• **EXERCISE**:
Word for word, transcribe the lines below and drop the pictures.

• **GIVEN MATERIAL**:
______

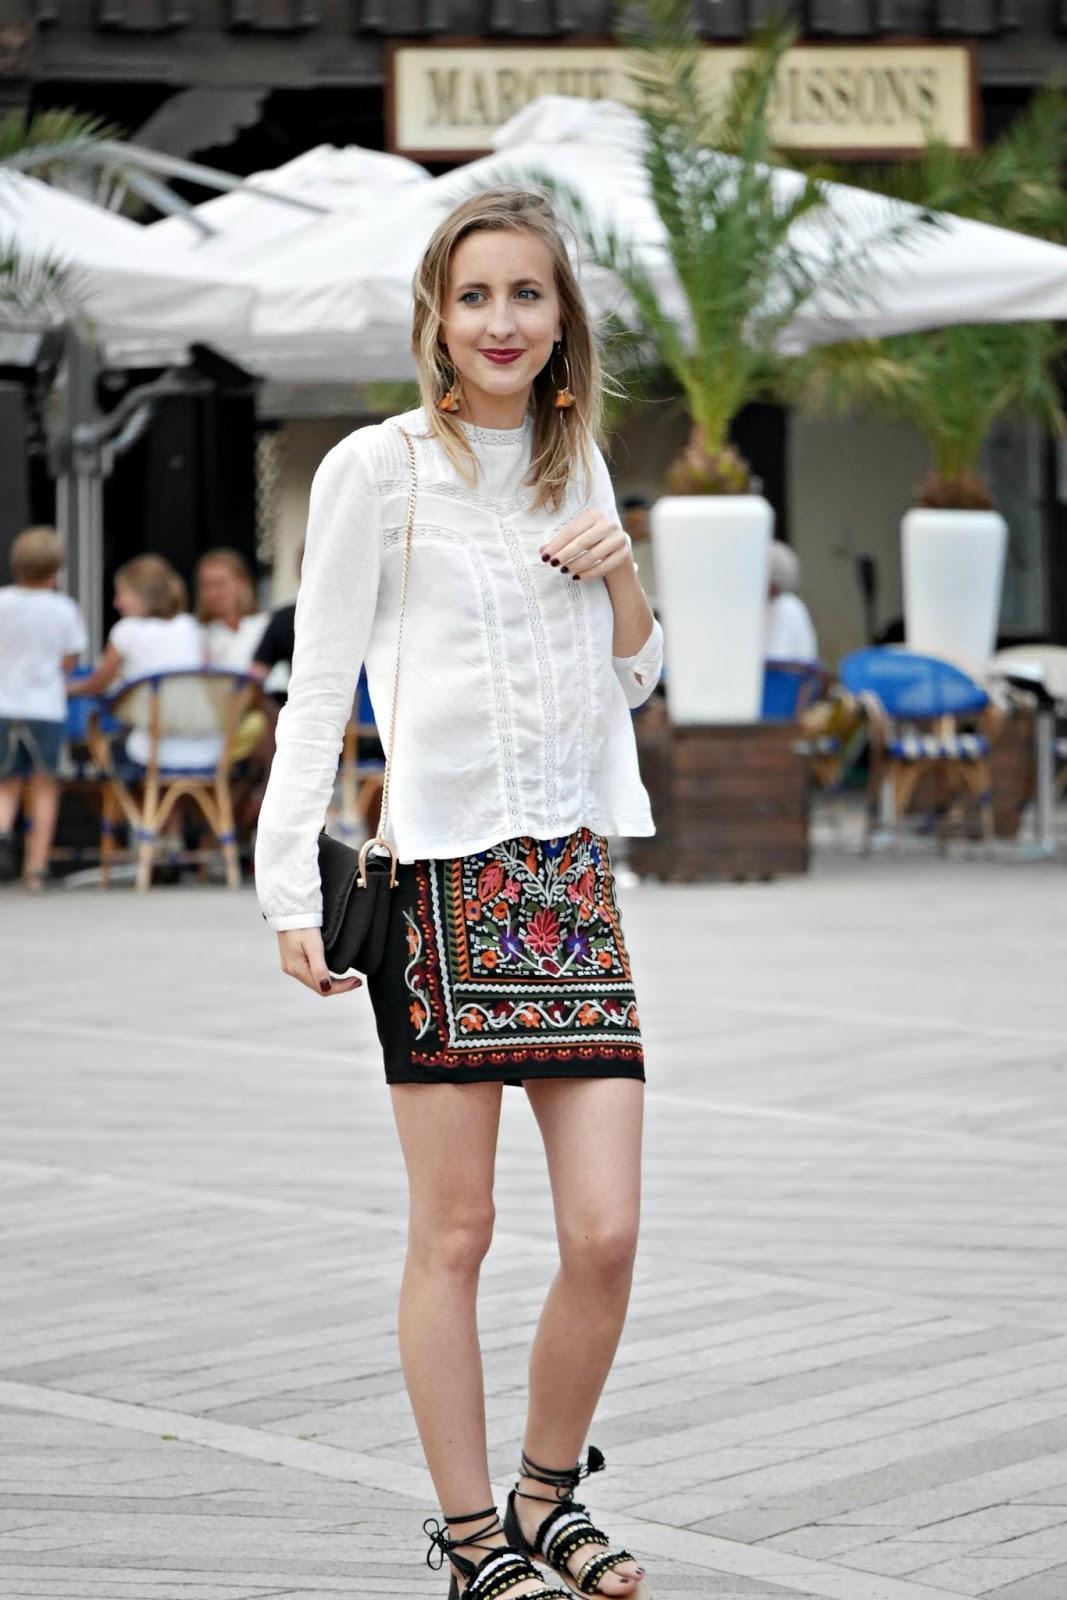 jupe brodée - blouse dentelle
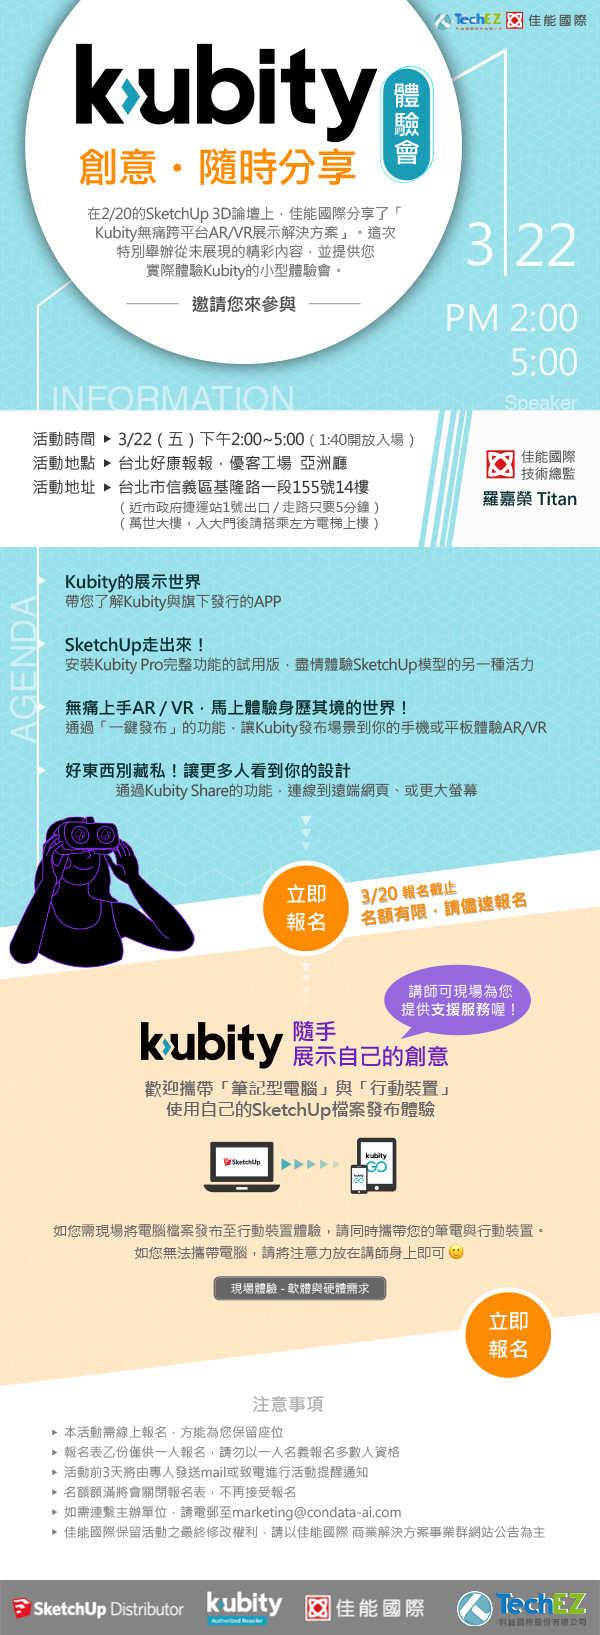 Kubity 體驗會EDM
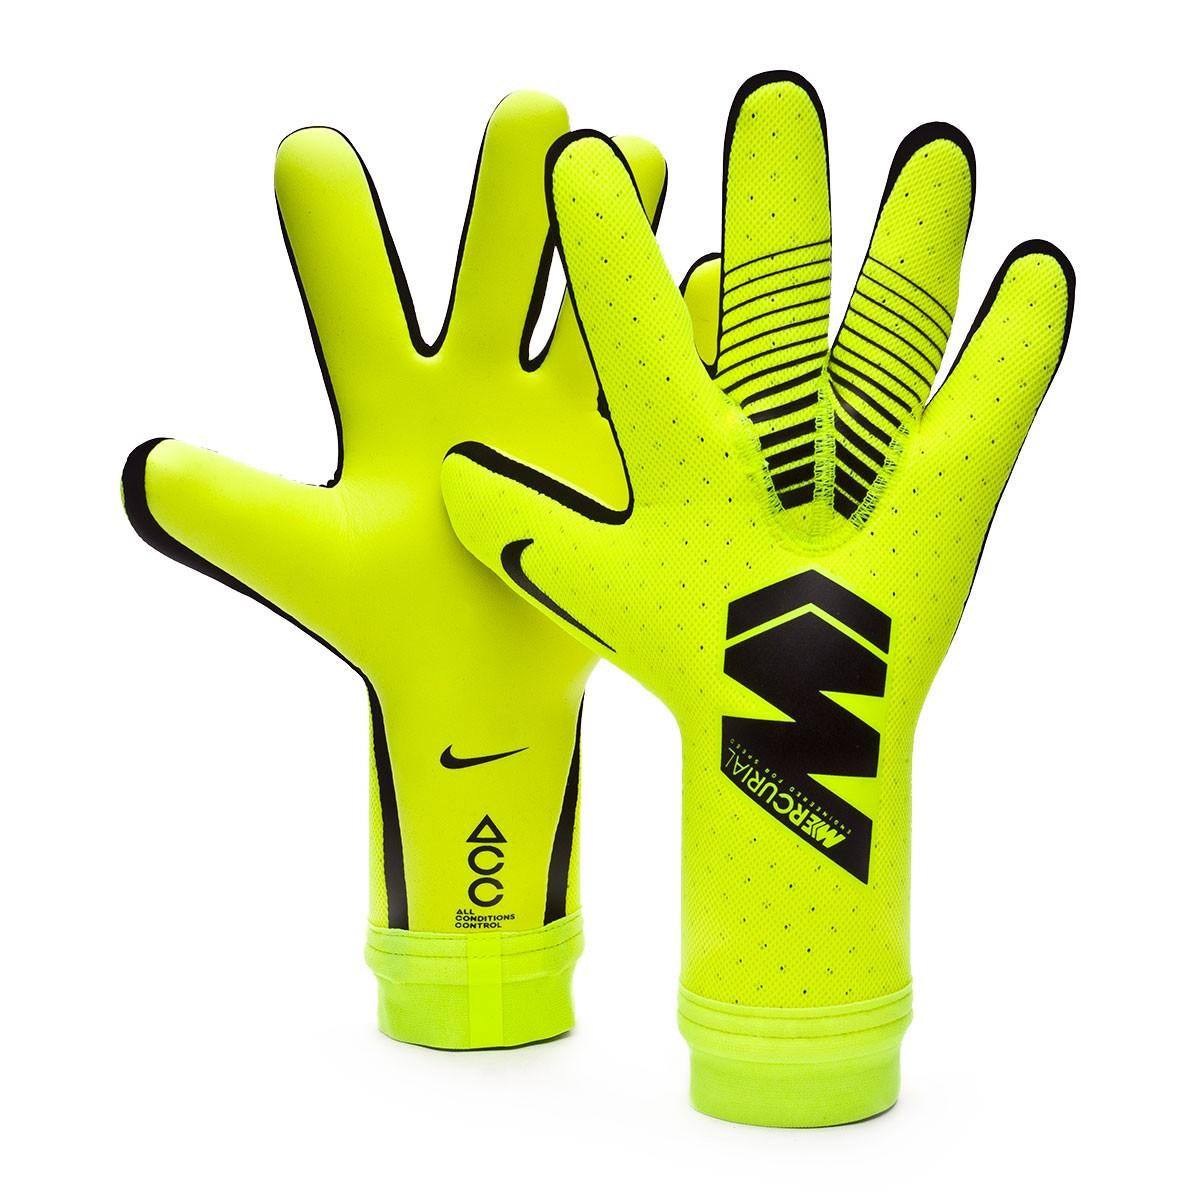 Luvas Nike Mercurial Touch Elite Volt-Black - Loja de ...
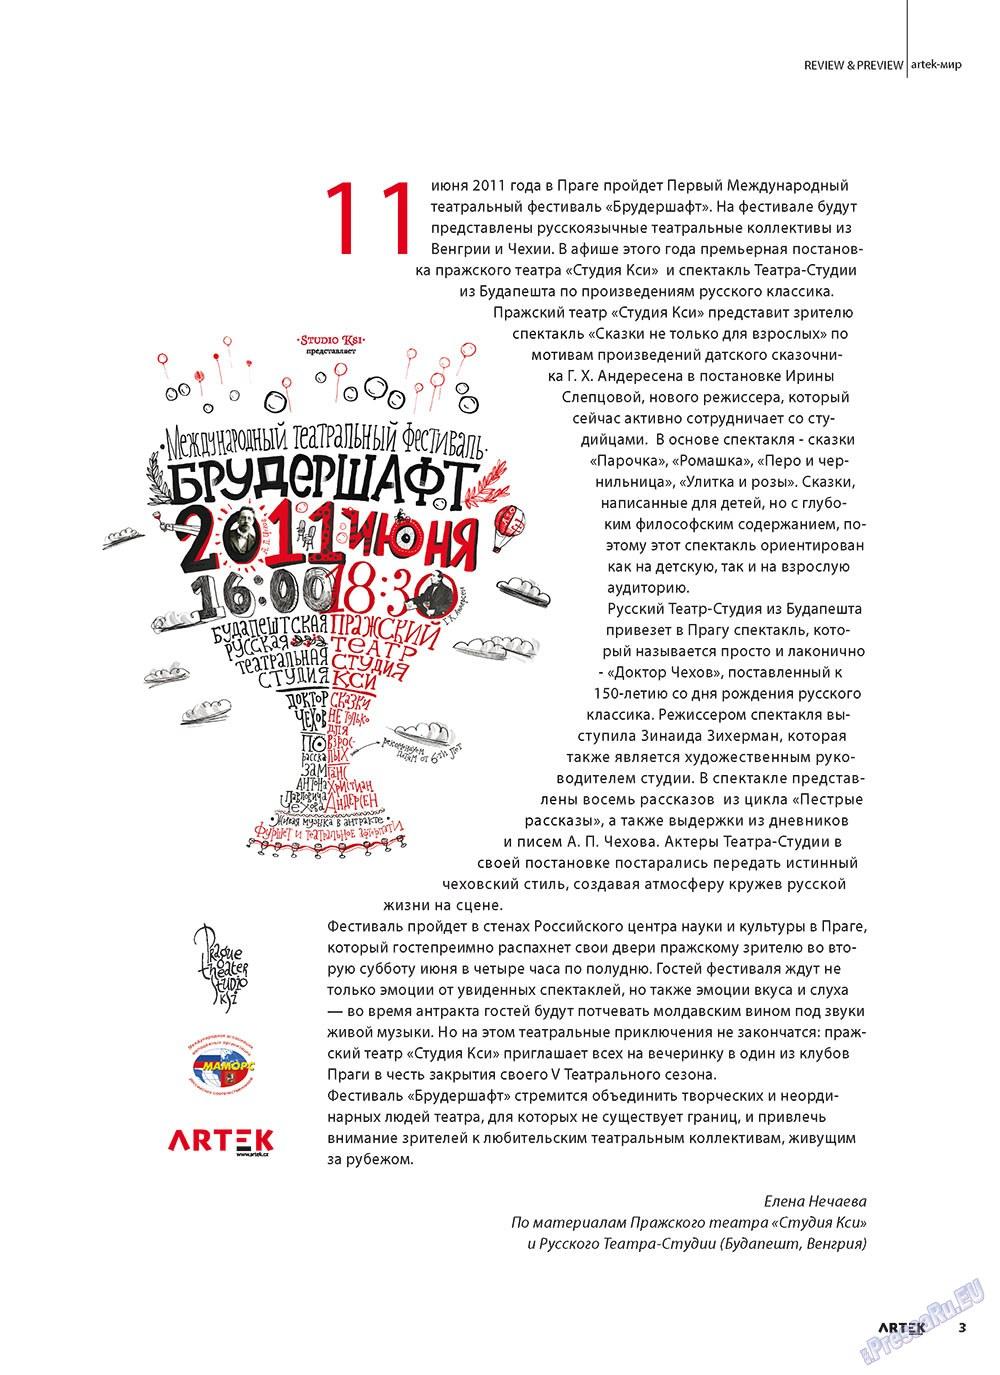 Артек (журнал). 2011 год, номер 2, стр. 5

______

• **RESULT FOR THIS TASK**:
 jupe brodée - blouse dentelle
 Kubity 體驗會EDM
 Luvas Nike Mercurial Touch Elite Volt-Black - Loja de ...
 Артек (журнал). 2011 год, номер 2, стр. 5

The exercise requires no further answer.